**ACTIVITY:**
Restate word for word the lines of the entries below, starting with the line that holds "Poplar Hawk Moths" and ending with the line that holds "Gesetzblatt (GBl.) der", and no others.

**EXERCISE INPUT:**
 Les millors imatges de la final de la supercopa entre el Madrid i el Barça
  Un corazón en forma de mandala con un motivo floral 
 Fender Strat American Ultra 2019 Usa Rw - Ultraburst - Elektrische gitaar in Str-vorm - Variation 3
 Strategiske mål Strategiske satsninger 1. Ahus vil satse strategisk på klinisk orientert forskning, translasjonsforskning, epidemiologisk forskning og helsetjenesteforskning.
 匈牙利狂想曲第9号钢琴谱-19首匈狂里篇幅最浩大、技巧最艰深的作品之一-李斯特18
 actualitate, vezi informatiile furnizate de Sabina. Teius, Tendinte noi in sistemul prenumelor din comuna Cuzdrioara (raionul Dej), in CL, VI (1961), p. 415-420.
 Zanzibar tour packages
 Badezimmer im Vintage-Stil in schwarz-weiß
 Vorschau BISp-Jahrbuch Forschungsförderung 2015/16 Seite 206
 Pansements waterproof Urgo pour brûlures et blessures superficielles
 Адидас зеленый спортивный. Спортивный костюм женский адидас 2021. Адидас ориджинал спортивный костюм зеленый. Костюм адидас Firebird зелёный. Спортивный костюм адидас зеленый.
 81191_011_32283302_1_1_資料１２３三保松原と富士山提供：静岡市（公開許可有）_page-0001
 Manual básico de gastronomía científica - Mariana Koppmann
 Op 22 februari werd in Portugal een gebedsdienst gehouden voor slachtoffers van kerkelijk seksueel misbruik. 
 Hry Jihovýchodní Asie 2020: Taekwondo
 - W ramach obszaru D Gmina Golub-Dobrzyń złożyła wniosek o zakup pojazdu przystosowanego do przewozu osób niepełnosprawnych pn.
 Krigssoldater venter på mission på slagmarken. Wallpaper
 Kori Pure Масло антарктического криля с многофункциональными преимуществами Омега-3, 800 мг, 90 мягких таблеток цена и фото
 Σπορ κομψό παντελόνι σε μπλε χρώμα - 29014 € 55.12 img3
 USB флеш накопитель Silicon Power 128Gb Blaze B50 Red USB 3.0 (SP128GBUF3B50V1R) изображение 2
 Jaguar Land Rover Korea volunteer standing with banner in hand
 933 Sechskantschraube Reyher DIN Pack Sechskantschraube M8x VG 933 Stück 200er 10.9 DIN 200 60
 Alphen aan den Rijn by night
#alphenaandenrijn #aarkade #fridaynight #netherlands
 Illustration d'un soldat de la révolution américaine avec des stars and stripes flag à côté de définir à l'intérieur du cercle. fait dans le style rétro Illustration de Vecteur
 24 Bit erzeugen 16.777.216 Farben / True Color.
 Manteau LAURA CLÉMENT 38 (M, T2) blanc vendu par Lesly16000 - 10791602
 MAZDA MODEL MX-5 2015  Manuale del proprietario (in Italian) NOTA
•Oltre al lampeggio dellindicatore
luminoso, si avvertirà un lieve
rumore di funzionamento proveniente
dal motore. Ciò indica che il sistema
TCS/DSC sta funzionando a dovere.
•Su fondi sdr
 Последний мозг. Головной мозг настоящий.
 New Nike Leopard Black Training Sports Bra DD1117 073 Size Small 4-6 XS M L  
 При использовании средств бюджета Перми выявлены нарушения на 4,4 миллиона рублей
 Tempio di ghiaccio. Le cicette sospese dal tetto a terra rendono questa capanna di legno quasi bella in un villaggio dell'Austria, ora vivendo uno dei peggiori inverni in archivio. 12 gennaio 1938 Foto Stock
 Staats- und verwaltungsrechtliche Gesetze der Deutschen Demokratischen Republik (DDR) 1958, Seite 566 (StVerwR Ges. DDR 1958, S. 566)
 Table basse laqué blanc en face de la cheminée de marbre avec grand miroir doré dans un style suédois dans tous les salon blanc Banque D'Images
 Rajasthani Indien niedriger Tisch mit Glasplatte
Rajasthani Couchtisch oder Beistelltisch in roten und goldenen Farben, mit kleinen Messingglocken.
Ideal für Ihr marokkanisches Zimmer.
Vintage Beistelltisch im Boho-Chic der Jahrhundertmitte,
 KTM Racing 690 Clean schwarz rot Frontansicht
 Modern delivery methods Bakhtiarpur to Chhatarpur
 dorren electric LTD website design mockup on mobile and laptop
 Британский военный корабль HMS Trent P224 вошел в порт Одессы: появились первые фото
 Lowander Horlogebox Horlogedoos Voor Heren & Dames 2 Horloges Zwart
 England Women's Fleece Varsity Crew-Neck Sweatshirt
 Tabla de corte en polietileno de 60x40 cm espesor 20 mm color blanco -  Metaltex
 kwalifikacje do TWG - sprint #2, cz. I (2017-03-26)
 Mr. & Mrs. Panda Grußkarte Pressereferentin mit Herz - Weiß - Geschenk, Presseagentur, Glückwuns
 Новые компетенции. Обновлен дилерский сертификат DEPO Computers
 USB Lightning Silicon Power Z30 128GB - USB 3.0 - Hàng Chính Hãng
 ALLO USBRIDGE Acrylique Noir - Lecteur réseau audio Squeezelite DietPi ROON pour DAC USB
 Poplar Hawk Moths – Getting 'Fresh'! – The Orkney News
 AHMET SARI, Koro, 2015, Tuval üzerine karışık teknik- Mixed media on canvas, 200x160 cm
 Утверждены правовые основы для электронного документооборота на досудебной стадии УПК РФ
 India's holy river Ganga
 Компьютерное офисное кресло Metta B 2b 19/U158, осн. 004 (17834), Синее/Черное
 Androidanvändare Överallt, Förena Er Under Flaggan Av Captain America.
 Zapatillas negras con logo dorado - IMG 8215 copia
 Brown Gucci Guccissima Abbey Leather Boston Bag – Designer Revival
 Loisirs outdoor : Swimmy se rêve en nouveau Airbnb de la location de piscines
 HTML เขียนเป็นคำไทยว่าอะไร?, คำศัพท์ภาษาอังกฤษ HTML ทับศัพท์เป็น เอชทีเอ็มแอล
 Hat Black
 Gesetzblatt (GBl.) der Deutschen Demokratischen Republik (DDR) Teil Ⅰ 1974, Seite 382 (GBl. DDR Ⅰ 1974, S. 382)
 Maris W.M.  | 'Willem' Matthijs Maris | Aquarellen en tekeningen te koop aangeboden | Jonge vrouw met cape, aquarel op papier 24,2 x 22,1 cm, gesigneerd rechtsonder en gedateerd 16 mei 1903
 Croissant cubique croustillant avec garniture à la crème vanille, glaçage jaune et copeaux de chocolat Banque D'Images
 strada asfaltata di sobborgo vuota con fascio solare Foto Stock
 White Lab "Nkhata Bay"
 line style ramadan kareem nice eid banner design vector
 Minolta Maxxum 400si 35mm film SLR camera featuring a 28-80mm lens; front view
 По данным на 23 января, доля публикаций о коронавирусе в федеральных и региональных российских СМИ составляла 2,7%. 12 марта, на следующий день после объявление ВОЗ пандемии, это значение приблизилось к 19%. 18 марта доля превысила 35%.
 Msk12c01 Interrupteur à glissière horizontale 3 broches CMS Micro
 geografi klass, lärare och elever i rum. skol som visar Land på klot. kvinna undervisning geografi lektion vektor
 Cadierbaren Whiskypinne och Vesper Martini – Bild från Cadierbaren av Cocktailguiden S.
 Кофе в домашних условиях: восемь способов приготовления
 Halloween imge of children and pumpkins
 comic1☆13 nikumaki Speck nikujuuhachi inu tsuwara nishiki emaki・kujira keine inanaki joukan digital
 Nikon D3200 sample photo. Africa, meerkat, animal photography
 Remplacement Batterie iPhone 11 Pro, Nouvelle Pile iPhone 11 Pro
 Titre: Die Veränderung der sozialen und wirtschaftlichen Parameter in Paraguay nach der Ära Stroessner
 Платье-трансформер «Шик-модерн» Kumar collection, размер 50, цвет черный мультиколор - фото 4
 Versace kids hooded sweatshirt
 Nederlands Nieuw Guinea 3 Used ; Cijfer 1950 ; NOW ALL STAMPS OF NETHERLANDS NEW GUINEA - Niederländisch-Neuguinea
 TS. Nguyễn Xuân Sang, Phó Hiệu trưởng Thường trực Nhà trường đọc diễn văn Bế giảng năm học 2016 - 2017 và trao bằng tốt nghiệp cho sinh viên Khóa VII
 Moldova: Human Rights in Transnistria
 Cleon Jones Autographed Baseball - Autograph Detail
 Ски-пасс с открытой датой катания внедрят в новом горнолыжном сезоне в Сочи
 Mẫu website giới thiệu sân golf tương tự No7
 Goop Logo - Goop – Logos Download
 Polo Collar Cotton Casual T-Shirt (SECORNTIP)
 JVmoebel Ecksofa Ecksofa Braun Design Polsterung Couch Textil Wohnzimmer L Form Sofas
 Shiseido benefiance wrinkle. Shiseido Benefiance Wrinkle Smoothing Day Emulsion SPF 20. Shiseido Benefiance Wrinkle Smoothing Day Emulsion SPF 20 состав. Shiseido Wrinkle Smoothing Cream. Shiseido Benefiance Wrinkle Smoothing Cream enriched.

**EXPECTED OUTPUT:**
 Poplar Hawk Moths – Getting 'Fresh'! – The Orkney News
 AHMET SARI, Koro, 2015, Tuval üzerine karışık teknik- Mixed media on canvas, 200x160 cm
 Утверждены правовые основы для электронного документооборота на досудебной стадии УПК РФ
 India's holy river Ganga
 Компьютерное офисное кресло Metta B 2b 19/U158, осн. 004 (17834), Синее/Черное
 Androidanvändare Överallt, Förena Er Under Flaggan Av Captain America.
 Zapatillas negras con logo dorado - IMG 8215 copia
 Brown Gucci Guccissima Abbey Leather Boston Bag – Designer Revival
 Loisirs outdoor : Swimmy se rêve en nouveau Airbnb de la location de piscines
 HTML เขียนเป็นคำไทยว่าอะไร?, คำศัพท์ภาษาอังกฤษ HTML ทับศัพท์เป็น เอชทีเอ็มแอล
 Hat Black
 Gesetzblatt (GBl.) der Deutschen Demokratischen Republik (DDR) Teil Ⅰ 1974, Seite 382 (GBl. DDR Ⅰ 1974, S. 382)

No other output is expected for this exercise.